![Intel XScale Core Developer'S Manual Download Page 115](http://html.mh-extra.com/html/intel/xscale-core/xscale-core_developers-manual_2073165115.webp)
Developer’s Manual
January, 2004
115
Intel XScale® Core
Developer’s Manual
Performance Monitoring
8.4.1
Instruction Cache Efficiency Mode
PMN0 totals the number of instructions that were executed, which does not include instructions
fetched from the instruction cache that were never executed. This can happen if a branch
instruction changes the program flow; the instruction cache may retrieve the next sequential
instructions after the branch, before it receives the target address of the branch.
PMN1 counts the number of instruction fetch requests to external memory. Each of these requests
loads 32 bytes at a time.
Statistics derived from these two events:
•
Instruction cache miss-rate. This is derived by dividing PMN1 by PMN0.
•
The average number of cycles it took to execute an instruction or commonly referred to as
cycles-per-instruction (CPI). CPI can be derived by dividing CCNT by PMN0, where CCNT
was used to measure total execution time.
8.4.2
Data Cache Efficiency Mode
PMN0 totals the number of data cache accesses, which includes cacheable and non-cacheable
accesses, mini-data cache access and accesses made to locations configured as data RAM.
Note that STM and LDM will each count as several accesses to the data cache depending on the
number of registers specified in the register list.

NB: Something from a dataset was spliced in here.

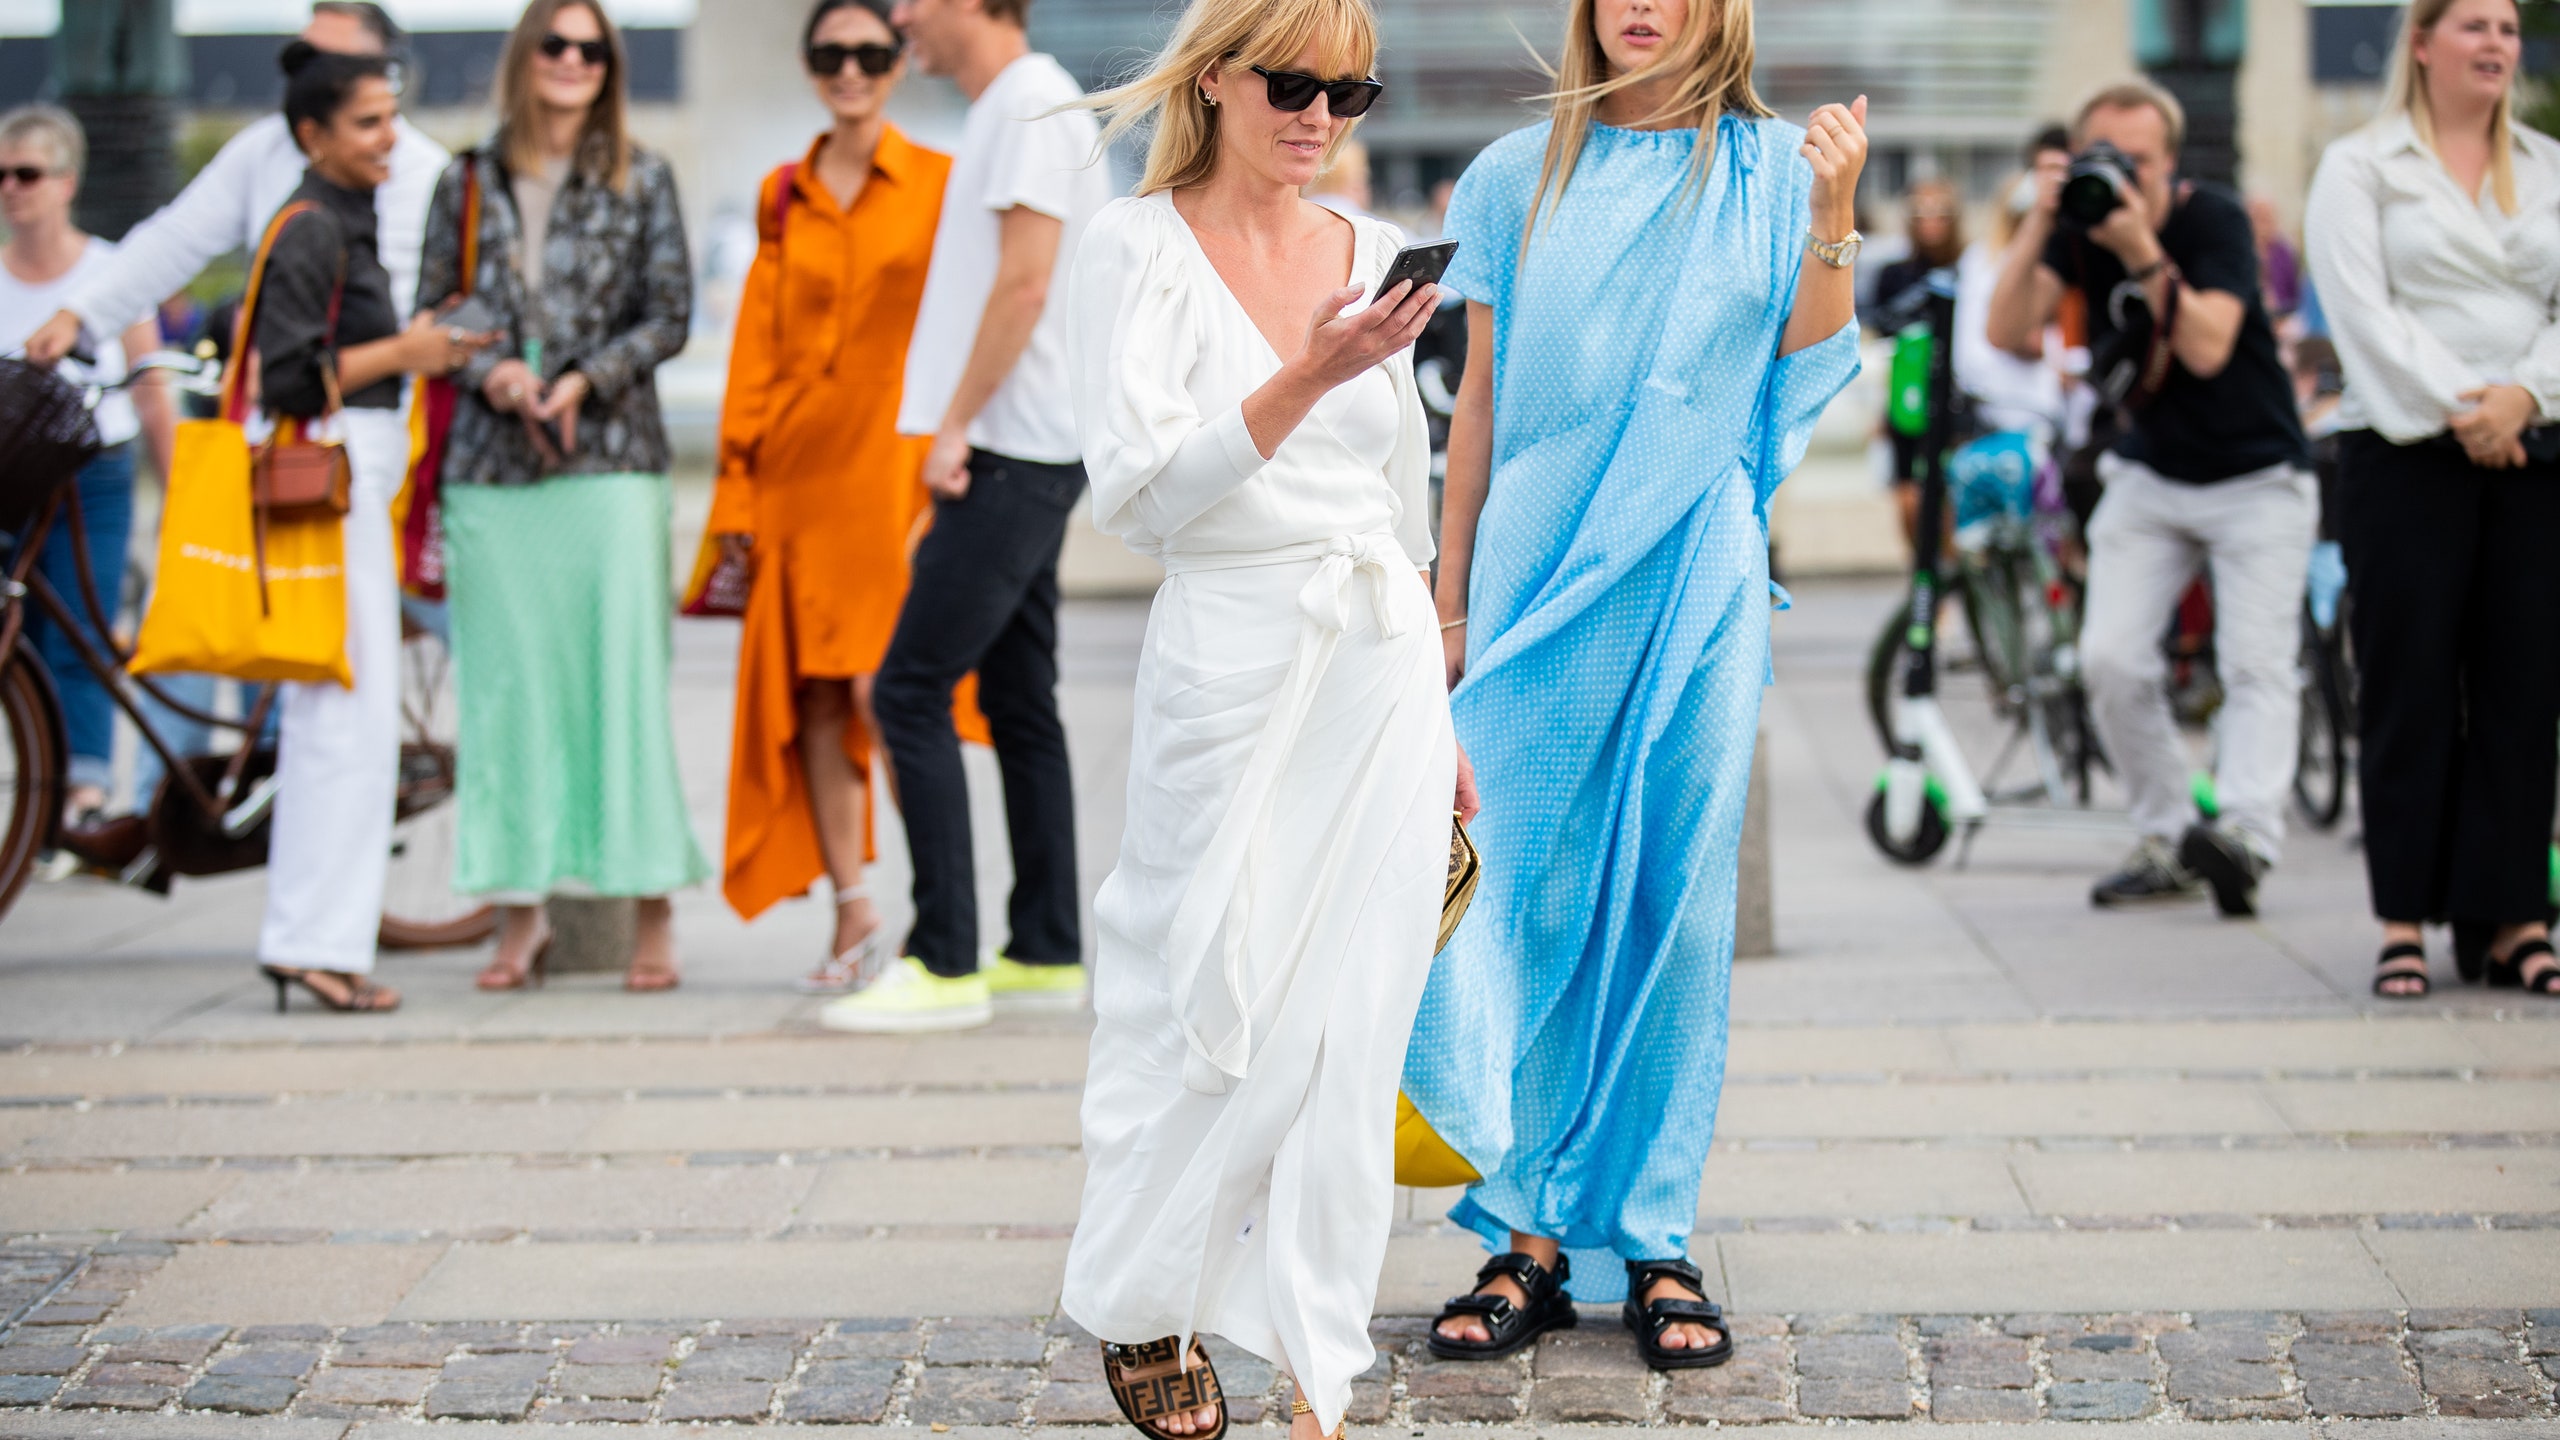 Сандалии на платформе — самый модный и удобный тренд этого лета

LDRD will register two accesses.
PMN1 counts the number of data cache and mini-data cache misses. Cache operations do not
contribute to this count. See
Section 7.2.8
for a description of these operations.
The statistic derived from these two events is:
•
Data cache miss-rate. This is derived by dividing PMN1 by PMN0.
8.4.3
Instruction Fetch Latency Mode
PMN0 accumulates the number of cycles when the instruction-cache is not able to deliver an
instruction to the core due to an instruction-cache miss or instruction-TLB miss. This event means
that the processor core is stalled.
PMN1 counts the number of instruction fetch requests to external memory. Each of these requests
loads 32 bytes at a time. This is the same event as measured in instruction cache efficiency mode.
Statistics derived from these two events:
•
The average number of cycles the processor stalled waiting for an instruction fetch from
external memory to return. This is calculated by dividing PMN0 by PMN1. If the average is
high then the core may be starved of the external bus.
•
The percentage of total execution cycles the processor stalled waiting on an instruction fetch
from external memory to return. This is calculated by dividing PMN0 by CCNT, which was
used to measure total execution time.